Gathered outside the court doors, gasping to light up a fag, was a newly-released defendant and his family group. You could tell who the defendant was because he wore the ill-fitting suit saved specially for weddings, funerals and appearances in the dock.
One of the woman in the group, with smoke streaming out of her nostrils, bellowed at the defendant: "So yous has pled guilty to something you didna do to avoid going to jail."
The defendant inhaled so deeply it looked as if his lungs would burst. Forcing a spout of smoke between his pursed lips, he nodded and muttered: "Yep." A proud grin broke across his features.
So, if he'd pleaded not guilty to something he had not done, he would have gone to jail; if he'd pleaded guilty to something he had done, he would not have gone to jail.
Sometimes it is very hard to understand the concept of justice.
ON the way to Ray Mallon's crime reduction strategy, I had another brush with something that has been worrying me for weeks: the speed camera on the A66.
Of course, speeding is wrong and it is dangerous - but in an attempt to stop the danger, the speed camera has created a danger all of its own.
The A66 is a fast dual carriageway between Darlington and Middlesbrough. The slowcoaches travel at 65mph, everyone else goes over 70mph, quite a few over 80mph.
Four or five green lay-bys have been built so that the speed camera can theoretically pop up and surprise the speeders. But every regular driver knows that only two lay-bys are ever used: one on the westbound carriageway between the two Long Newton turn-offs, the other opposite on the eastbound.
So everyone comes careering around the bend into the Long Newton stretch and then, seeing where the camera is, slams on their brakes. Then, they all feel compelled to pull over and form an orderly queue in the inside lane.
You can tell the newcomer to the district: seeing the traffic part in front of him like the Red Sea, he puts his foot down and speeds off joyfully - only to spot the camera at the last second, causing him to brake violently and head towards the inside lane.
Last Wednesday morning, all the slowing down and pulling over caused a couple of tall lorries to sway dangerously, two horns to blow angrily, one finger to shoot up aggressively.

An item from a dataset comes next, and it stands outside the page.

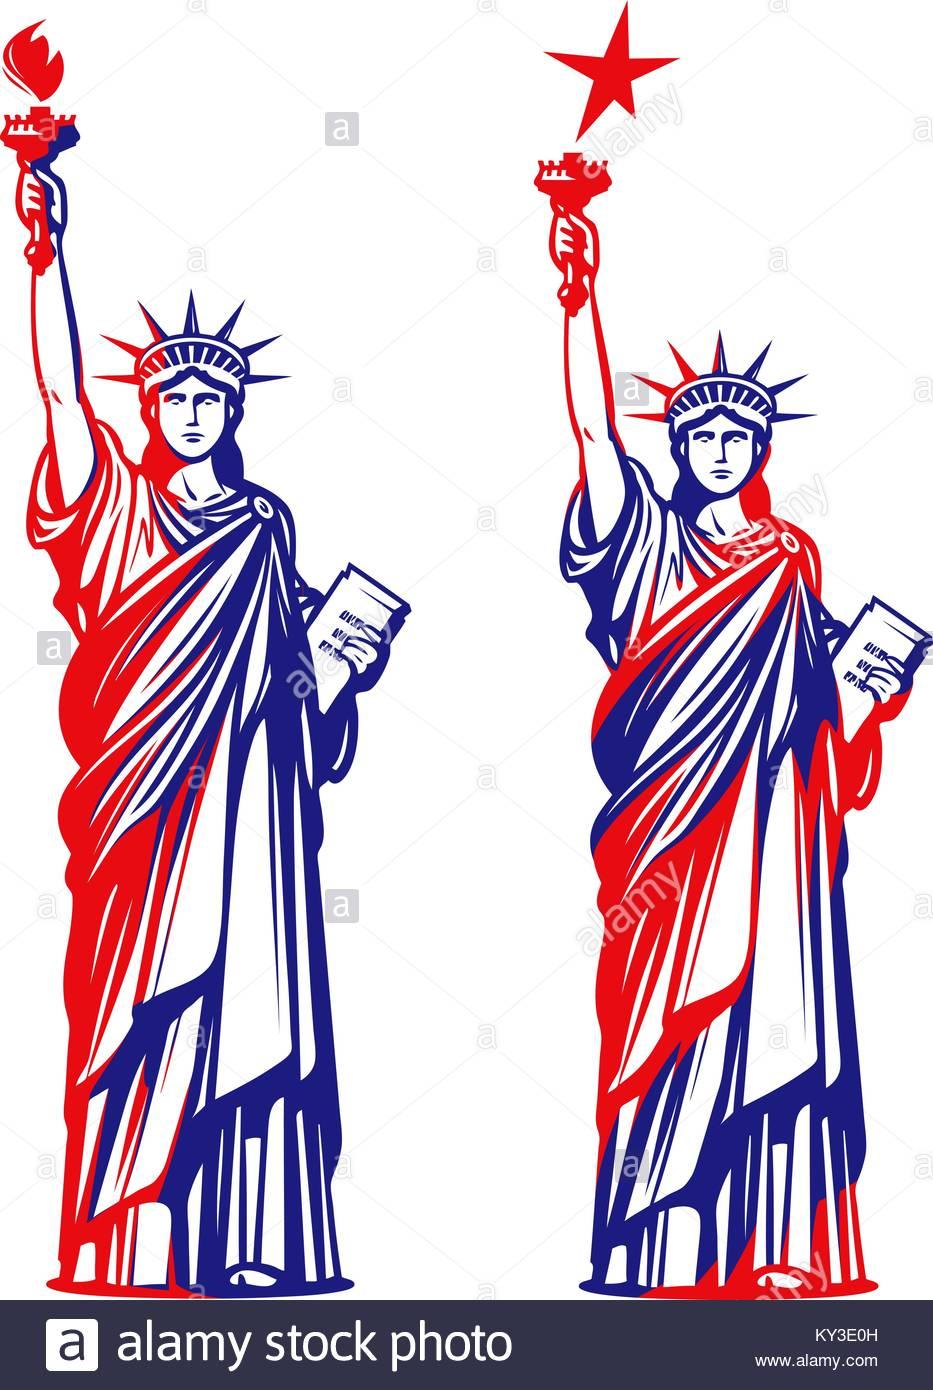 933x1390 Illustration Lady Statue Liberty Torch Stock Photos Amp Illustration

Everyone was nose to tail at 59.5mph.
And, as soon as the tyres cross the last of the gradation lines on the road that means the car is beyond the camera's short-sighted eye, the vehicles are back to 70mph and beyond as the drivers try to make up those crucial seconds lost when they were crawling beneath 60mph.
If anyone else erected a device by the roadside which caused people to pull over and slow down - say, a TV showing a porn channel for the men drivers - they'd be ordered to remove it because it was a traffic hazard. A single speed camera, though, is perfectly legal even though it is just as dangerous.